5. We are all sinners in need of grace and mercy (Romans 3:23-24)

If all have sinned and fall short of the glory of God, then we parents are more like our children than unlike them. The sinful nature resides in all of us, and we are not inherently good inside (1 John 1:8, Psalm 51:5, Romans 5:12).

Tripp astutely observes that we parent in the middle of our own struggles, and parenting will reveal to us our own insecurities, fears, triggers and anxieties.

It certainly has revealed to me, among other things, my own intolerance for messes at home, my constant insecurity of whether I am doing enough for my children, my fear of my children embarrassing me in public, and my anxieties over whether they will amount to anything (just to name a few).

If we are willing to dig deep within ourselves and confront our own fears and anxieties, we will see God’s grace and mercy changing us through our children, so that He can ultimately work through us for our children. Everyone in the room is being parented and growing through their respective struggles.

This biblical truth humbles me to know that I am as much in need of parenting by God even as I parent my children. This drives me to show the same measure of grace and mercy towards my children, and also model contrition to them when I have fallen short. My children need to see that I am also a human being who is less than perfect, in desperate need of God’s daily grace and mercy too.

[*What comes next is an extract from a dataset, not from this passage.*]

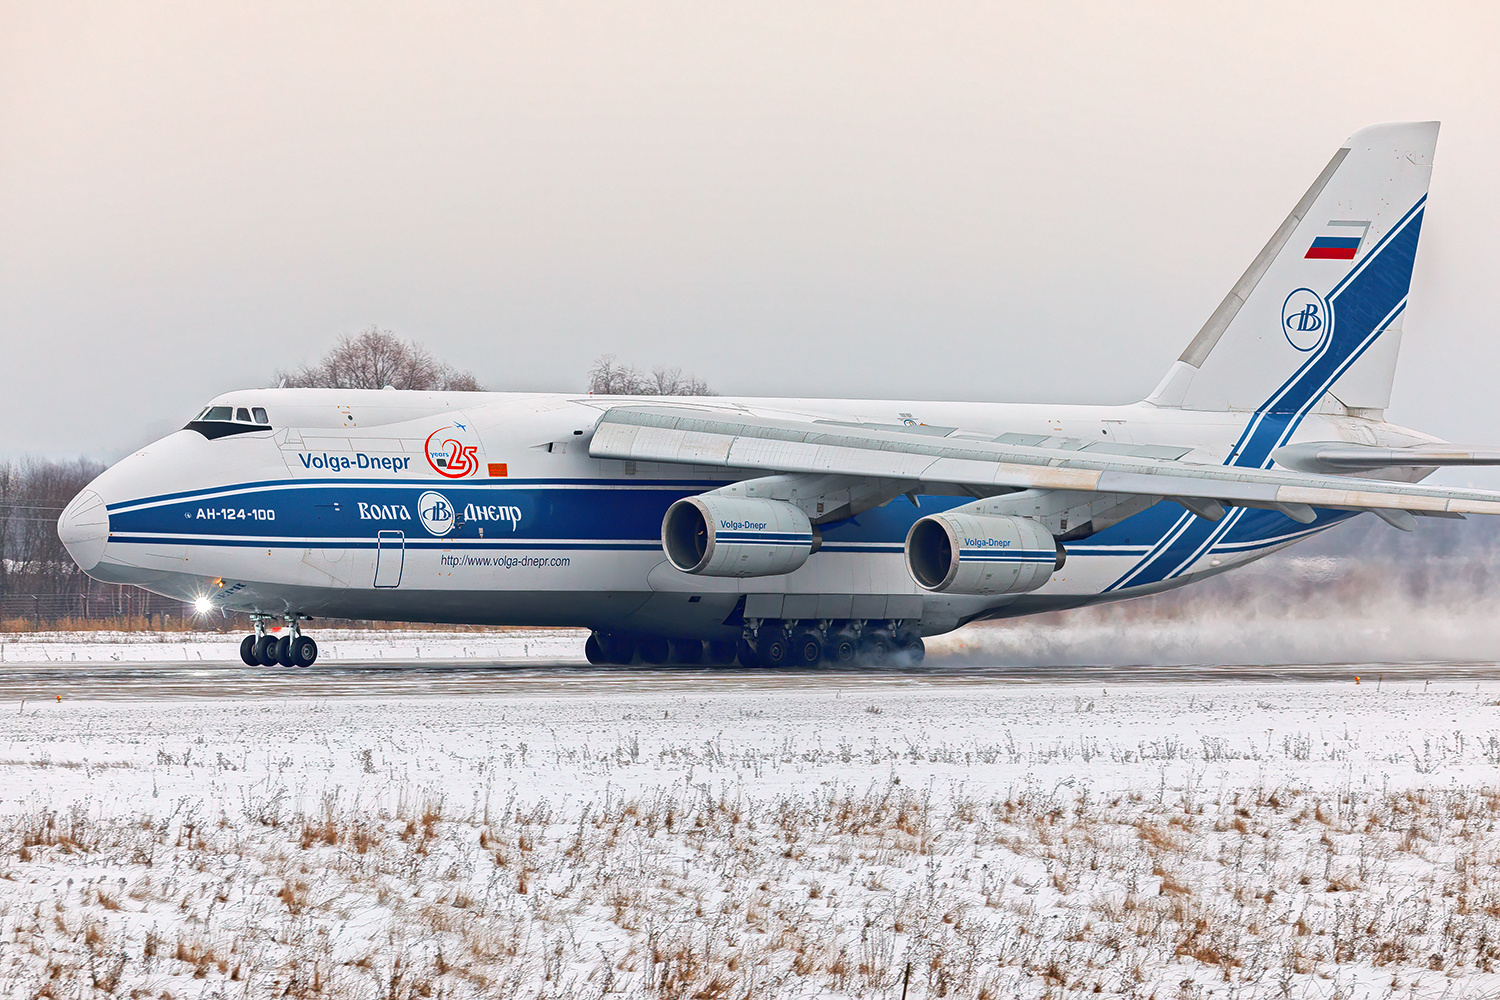 Ан-124 Руслан руслан ан124 волга-днепр an124

These are early days in my fatherhood journey, and the road ahead is long.

Yet, God feels closer than ever, and I hang on to the ultimate truth that success in His Kingdom is about faithfulness, not results. I am only called to be God’s faithful instrument of change in the lives of my children and the results are in his infinitely powerful hands.

What a privilege and freedom it is to be able to partner Him in such an endeavour. All glory to Him!